Dorothea’s education and that of the older members of the family was at first under the guidance of a governess. It must have been quite early in life that she received her first inkling of the incompetence of teachers of that day. She remembered a rapid succession of teachers whom Mrs. Beale was compelled to dismiss on account of their inability to teach. There appears to have been only one satisfactory governess, a Miss Wright, who was excellent: after she left, the girls were sent to school.
“It was a school,” says Dorothea Beale in her autobiography, “considered much above the average for sound instruction: our mistresses were women who had read and thought: they had taken pains to arrange various schemes of knowledge: yet what miserable teaching we had in many subjects: history was learned by committing to memory little manuals, rules of arithmetic were taught, but the principles were never explained. Instead of reading and learning the masterpieces of literature, we repeated week by week the Lamentations of King Hezekiah, the pretty, but somewhat weak, ‘Mother’s Picture’ of Cowper, and worse doggerel verses on the solar system.”
At the age of thirteen Dorothea was obliged to leave school on account of ill-health. She always considered this a fortunate circumstance as it enabled her to carry on her own education. No doubt a good deal of time was lost in following the circuitous routes of all self-educators, but the grit, determination, and power to overcome difficulties thereby developed, probably more than compensated for this. Libraries, notably those of the London Institute and Crosby Hall, at this time supplied her with many good books. The Medical Book Club circulated some books of general interest. She and her sisters were also able to attend excellent lectures given at the Literary Institution, Crosby Hall, and at the Gresham Institute.

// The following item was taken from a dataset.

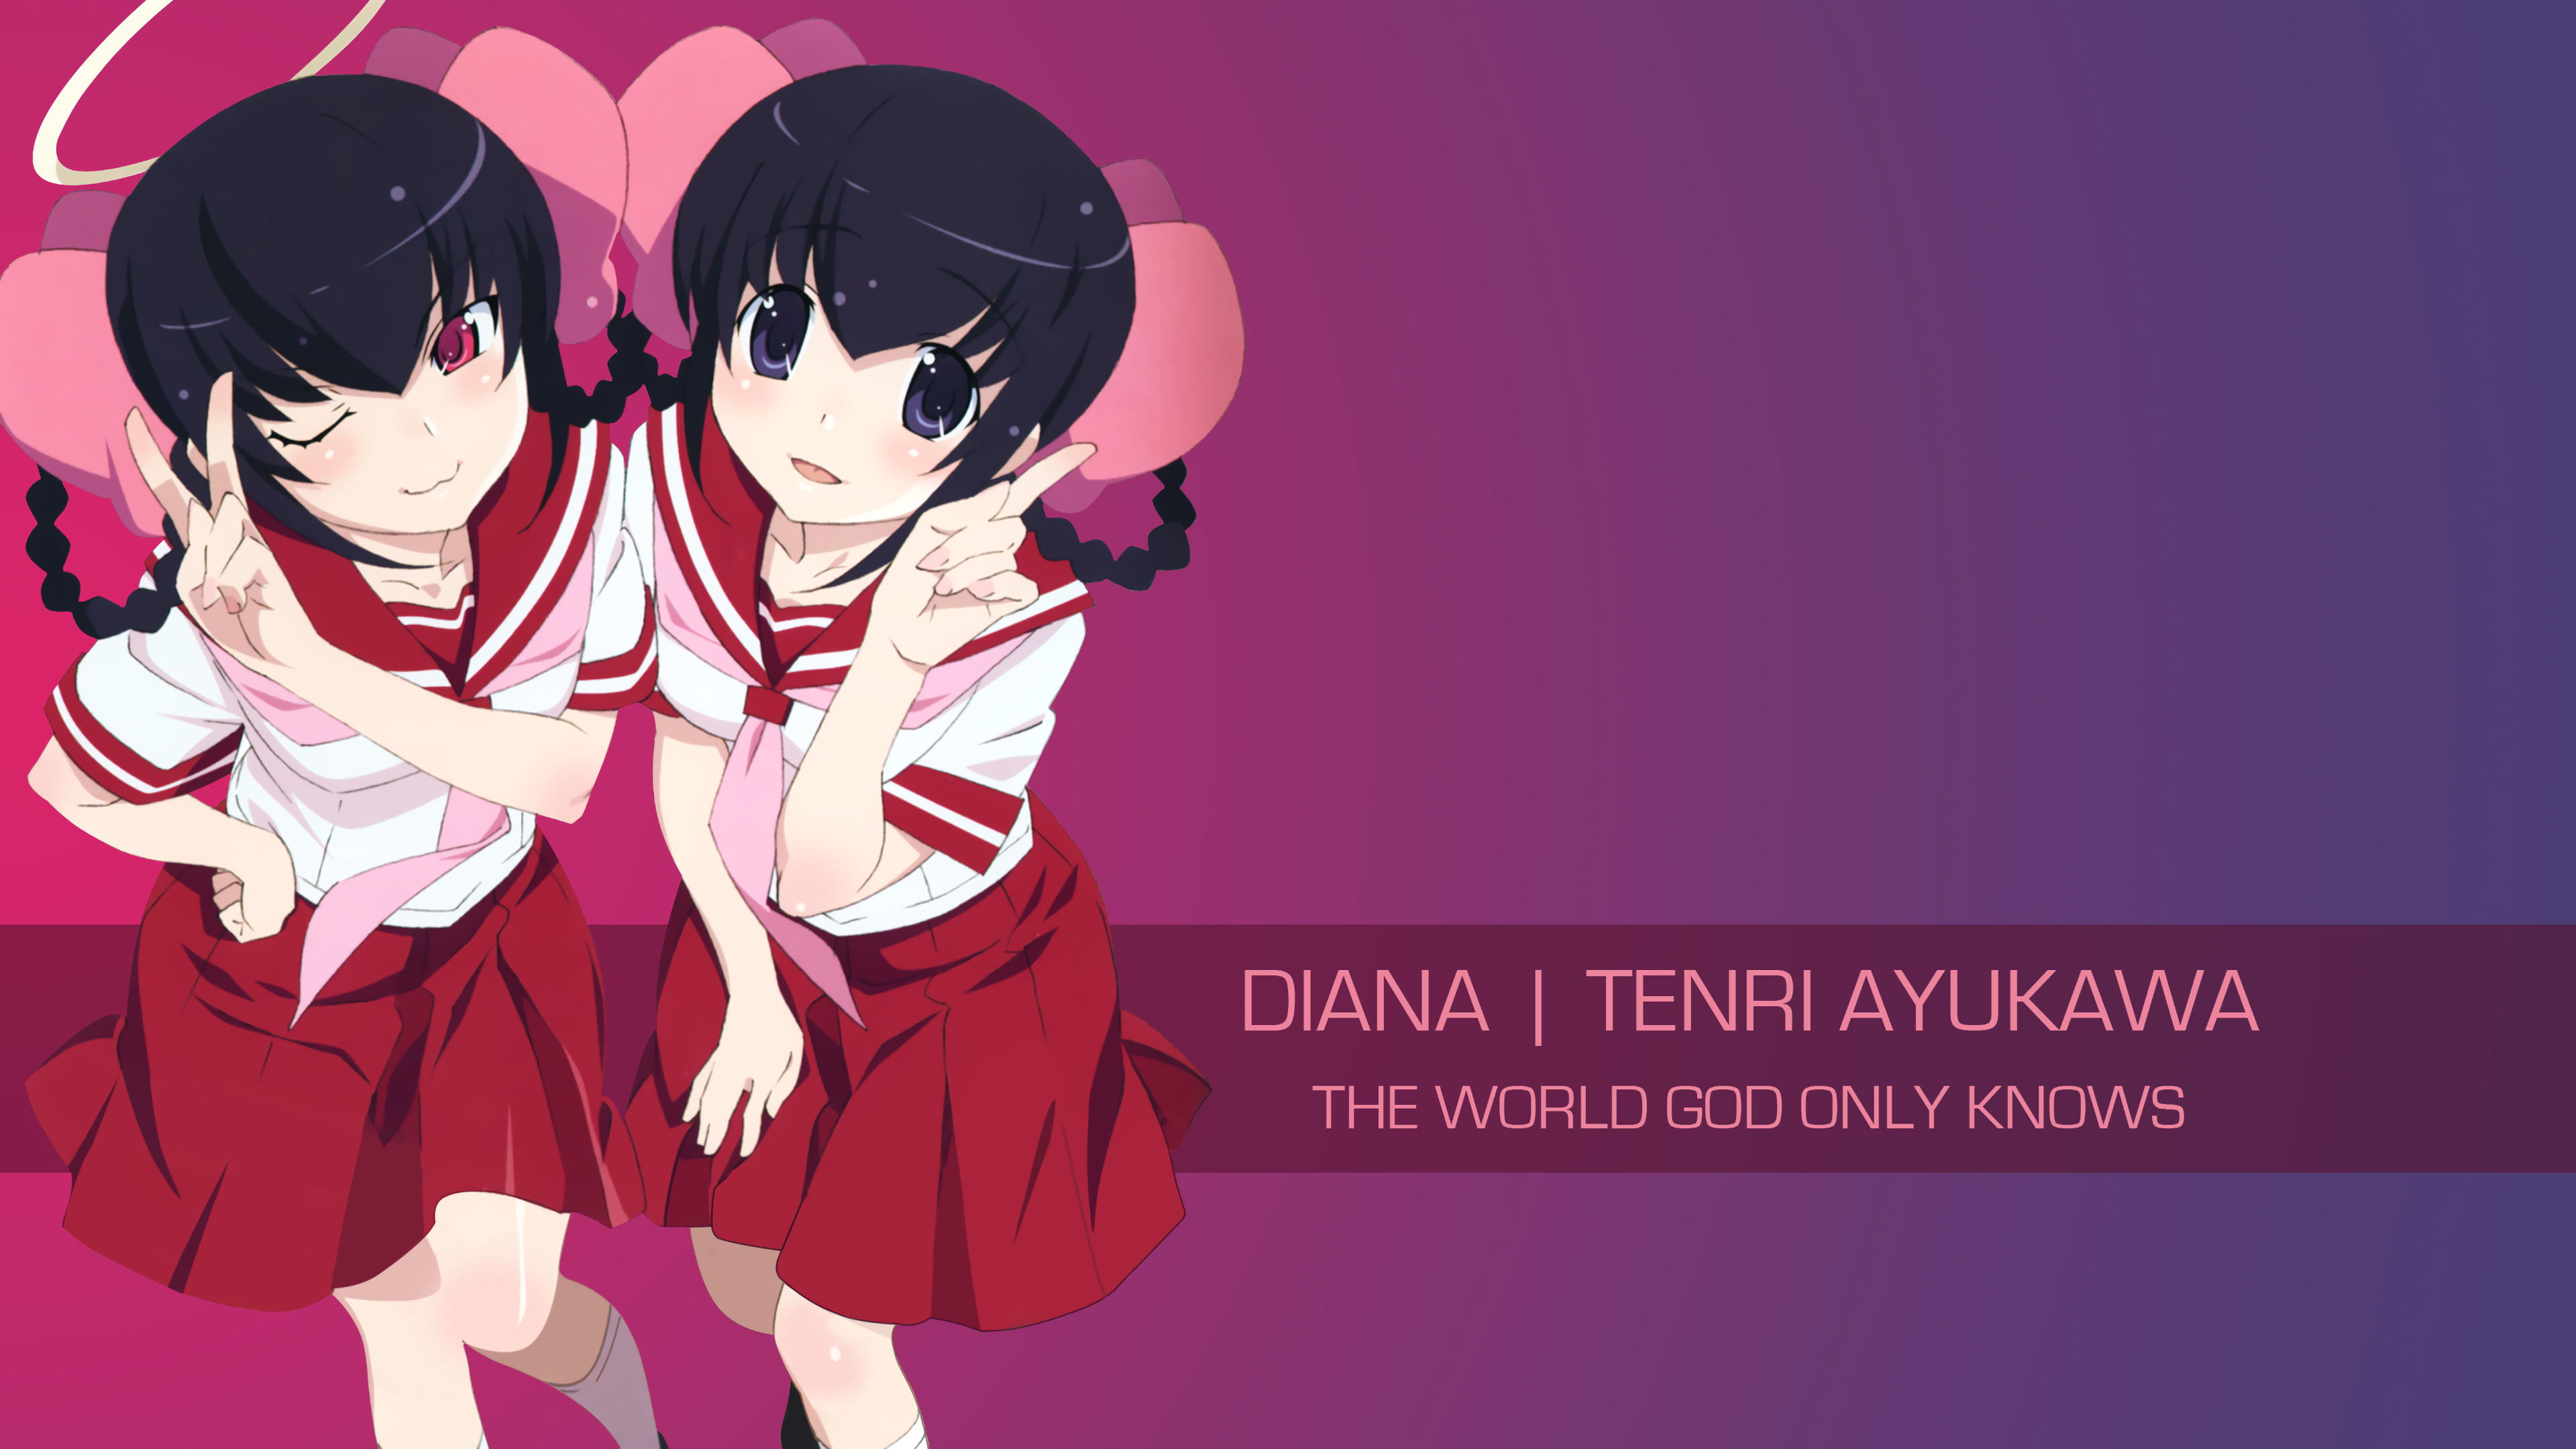 The World God Only Knows Anime Girls Diana 3840x2160

“Miss Beale never learned to play,” said Mrs. Raikes in a speech on Foundress’ Day at the College after the beloved Principal had passed away. “During her girlhood there was no hockey, tennis, net-ball, swimming or other healthy exercise for girls; and Dorothea and her sisters were thrown back for their pleasure on the joys of the mind. Not only did Dorothea Beale never play herself, but she could never quite see the need for other people to play. The playgrounds, etc., which perforce grew up round Cheltenham Ladies’ College, were always rather a stumbling-block to her, though she was wise enough to be led by those who were more in touch in this respect with the spirit of the late nineteenth and early twentieth century.
“Her reading always inclined to the solid type, and in her girlhood she came across few novels.
“Her love of reading was never allowed to dissipate itself on trivialities, and here she had a great advantage over girls of to-day, for the ephemeral literature of this age—the endless magazines and short stories—did not exist to tempt and gradually to fritter away a good literary taste.”